Feb. 20th, 2014 11:38 pm
boutell: (shave)
I have won my last several games of 3x3 multiplayer Starcraft. Instead of losing three out of four.

This is happening because I switched from complicated, careful tactics to a dead-simple "hey guys I am kicking their asses, how about you follow me" strategy.

This is a good approach to leading a group of random people you don't know: keep it simple, take the biggest slice of risk and let them follow you to victory.

This means something.

For those who actually care about such things, I've become a big fan of proxy gateway rushes. Most players I'm encountering are much better than me at the long game but completely fold when faced with this silliness.
boutell: (shave)
I usually play four-against-four pickup games.

I have reached the point where, nine games out of ten, my teammates do not actually yell "dude you SUCK!"

Hey, that's progress!

Generally one of two things happen:

Either (a) the other team decides to target me, in which case I'm supposed to be an easy kill but I'm not and it soaks up a lot of their resources although I don't get to accomplish much else, or (b) they don't, and I go long and build a decent army and have some impact while somebody better than me leads the big crusade.

I just finished an exceptionally good game in which I saw more things trying to blow each other up at once than I had thought my computer was capable of depicting. And then it went on for another 20 minutes. Wow.
boutell: (shave)
I am terrible at doin' nothin', hangin' out, not seeking any self-improvement for an hour or two. Unless you count bouncing distractedly between Facebook and Twitter and email, ugh; I'm trying to cut back on that. It's not real relaxation, not if you're doing too much of it.

There are lots of activities I can do in alternation with my day job that are somewhat relaxing and shift me into a different place, but I need some true downtime as well, not just sneaky self-improvement.

PG-rated activities that do function as relaxation for me and are not sneaky self-improvement (For the most part):

• Salsa dancing (*)
• Reading science fiction
• Truly silly programming projects like the snowcam
• Playing Starcraft 2.

I still remember discovering the original Starcraft: I was visiting my sister and brother-in-law. Jason had a dedicated office-slash-gaming-room. He didn't have a PC, he had a rig, you know what I'm saying? It was a good cave in which to discover a game.

Speaking of caves, though, I love how you can fall into Starcraft and then come out again. Each match is self-limiting in duration.

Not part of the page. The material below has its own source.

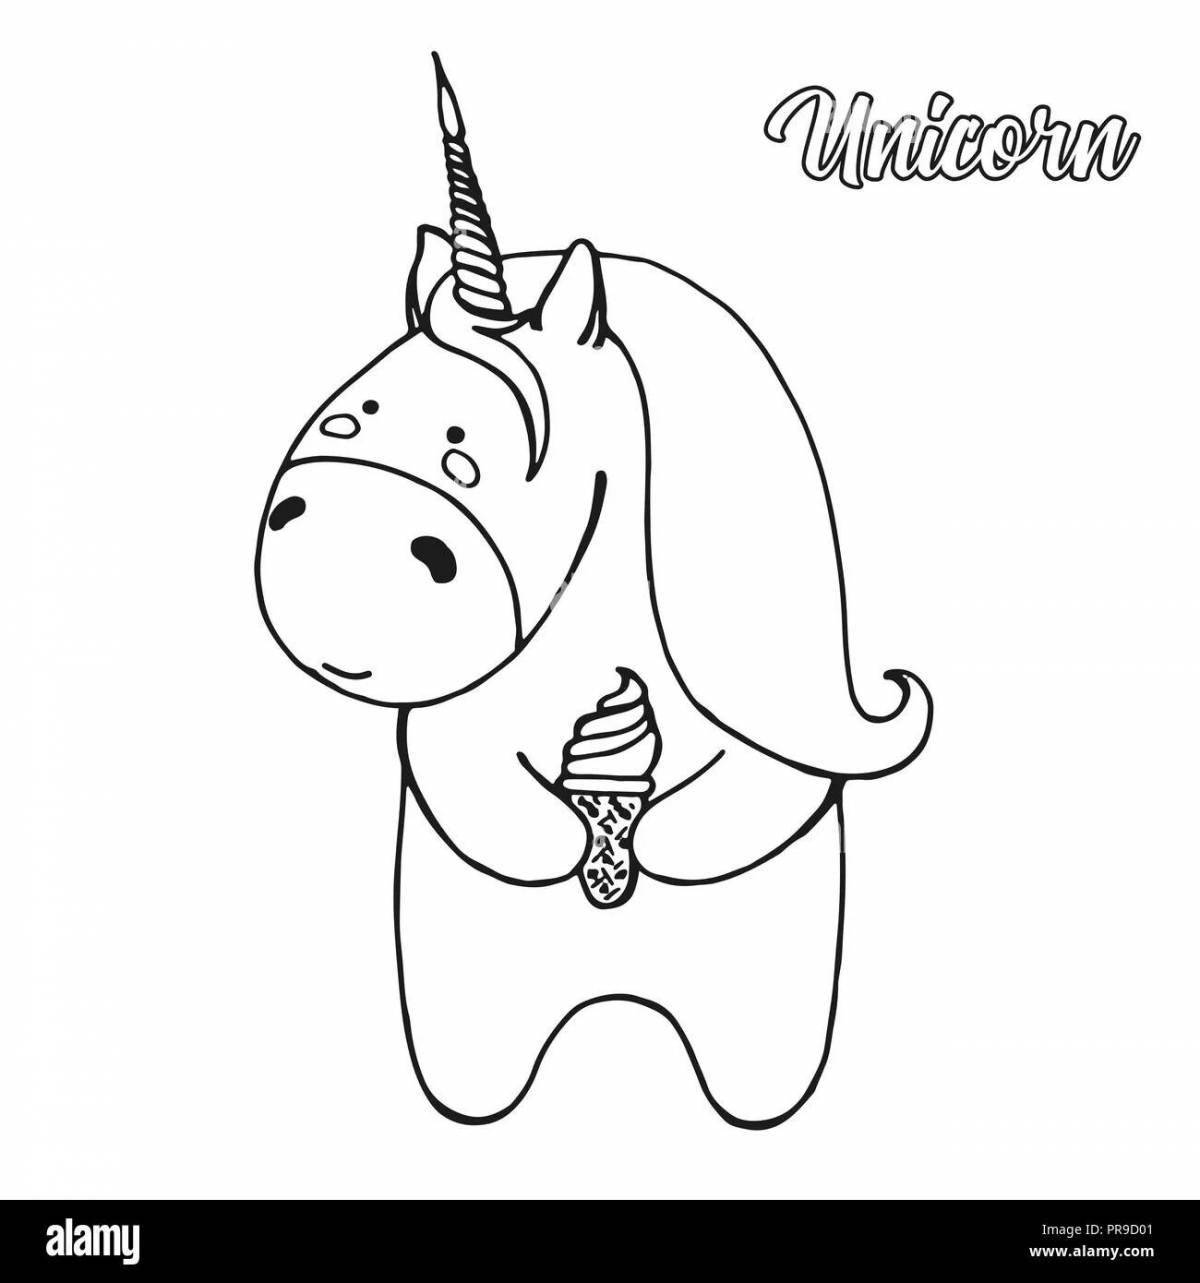 Fluffy unicorn ice cream coloring book

Nobody's trying to force you to "farm" all fricking day to get anywhere in the game.

Because it's a GAME. It's not a REPLACEMENT FOR YOUR LIFE. I like that.

After a concerted attempt to get good at playing the Terrans, I have rediscovered the joy of playing the Protoss... the one species in all of known space that can set up a decent static defense and build a slow, inexorable, overwhelming offense.

All of those things are good if you have never had the fastest reflexes in the world.

Plus, they have voidrays, which are terribly satisfying and strike more terror in one's opponents than their actual stats deserve.

And a decent build seems to come naturally to me, while I find the Terrans much fussier to play. I'm still not, y'know, GOOD. But I'm hardly ever that guy all the thirteen-year-olds are making fun of at the end of the game anymore. So... I win?

(*) OK, salsa can be sneaky self-improvement, especially in the early days of the learning curve. But at my level of experience going out to the club and spinning the ladies for a couple hours is strictly recreation.
boutell: (Default)

Geek: Game of Champions is now on the iPhone! Whee! Apple surprised me by approving the game in two days, although they'd advised an average delay of two weeks. Very cool.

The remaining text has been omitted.